Mechanism of formation of alternate droplets in a microchannel with tapered inlets and its pressure characteristic curves. Here, images ah show the stages of droplet formation at various instant of time, t in seconds (s), while image (i) shows the variation in local pressure (P) in Pascal (Pa) at positions A and B, as indicated in image (a). Here, Ca, wf, and µr are set at 0.04, 0.2, and 1, respectively

Conclusions

In the present work, we performed various numerical simulations to study the influence of interfacial tension, viscosity contrast, contact angle, and inlet geometries, on the oil–water flow inside a double T-junction microchannel. Here, we found the formation of droplet in merging (alternate) mode for lower (higher) capillary number, Ca < 0.016 (Ca = 0.032−0.16). Alongside, the increase in viscosity contrast, µr = 0.1−1, showed higher uniformity in the droplet size formation. The increase of contact angle, θ = 0°−180°, increases the hydrophobic property of the wall which showed the transition from annular (oil-core) flow to droplet in jetting mode to droplet in dripping mode. Moreover, by increasing the inlet angle, λ = 90°−150°, we observe a marginal reduction in the droplet size with variation in distance between consecutive droplets. A numerical simulation was performed to study the local pressure drop characteristics at the tapered inlet during the formation of droplets. The pressure drop curves show the inter-competing nature of local pressure in both tapered inlets leading to the alternating nature of droplet formation.

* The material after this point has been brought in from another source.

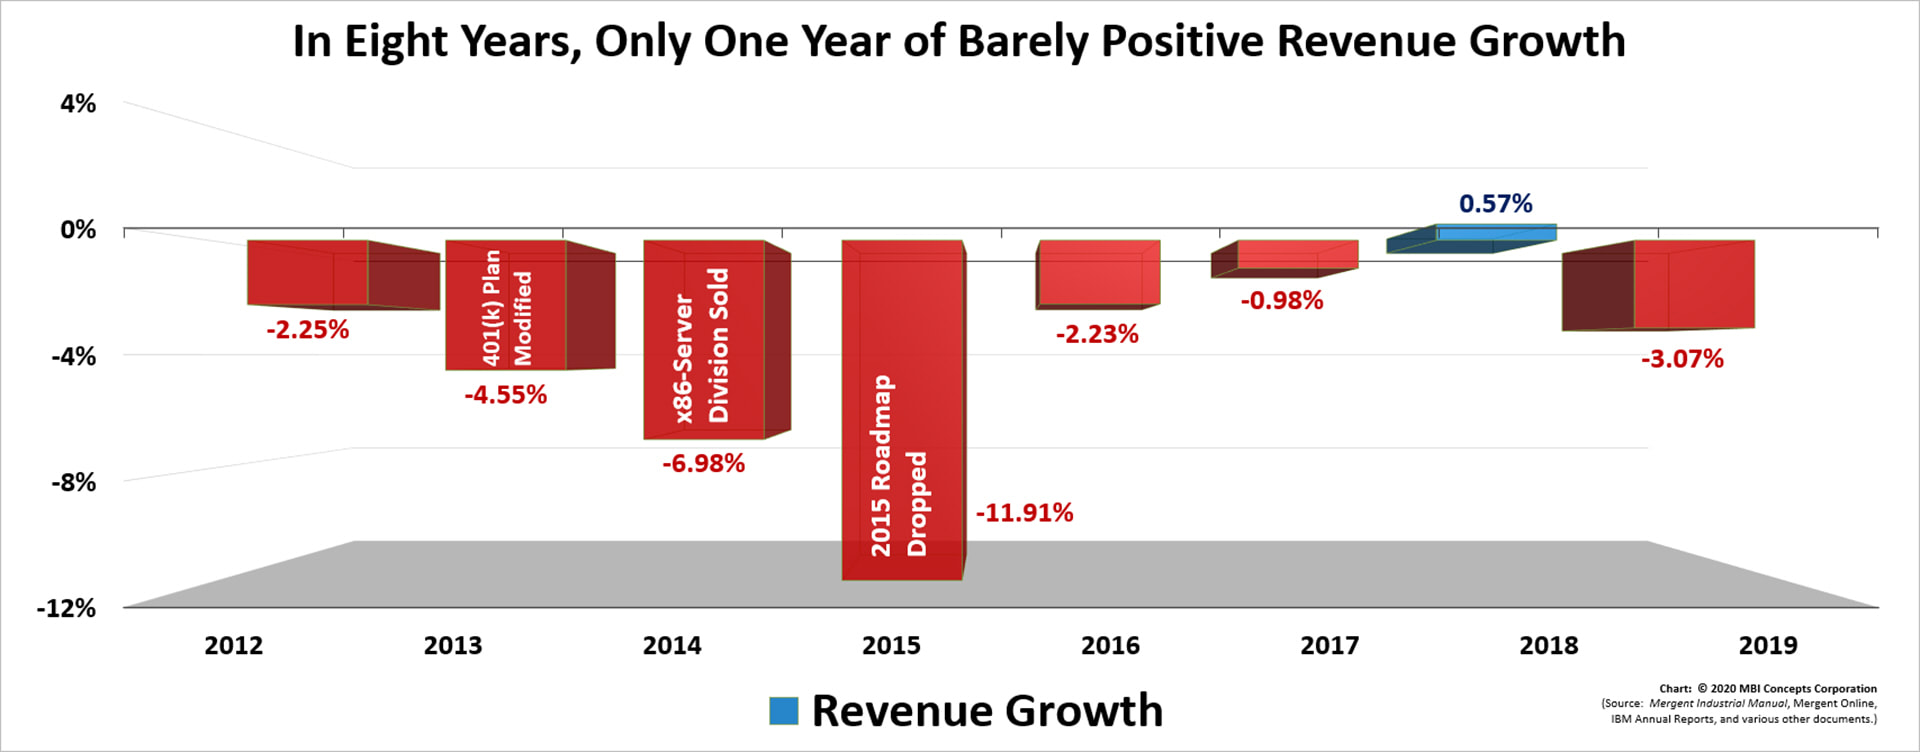 Virginia M. (Ginni) Rometty's Revenue Growth Performance as IBM's CEO: 2012 through 2019.

The findings of the present study can be utilized to design and fabricate a micro-device that is more compact and poses the additional advantages such as high surface-to-volume ratio, ease in handling hazardous materials, controlling exothermic reactions, creation of a digitized micro-devices. Such miniaturized devices will contribute toward cost effectives and ease in accessibility to people who are located at remote areas. Many of such devices include the water monitoring kits, amylase detecting kit, rapid testing devices for COVID-19, and other pathogens.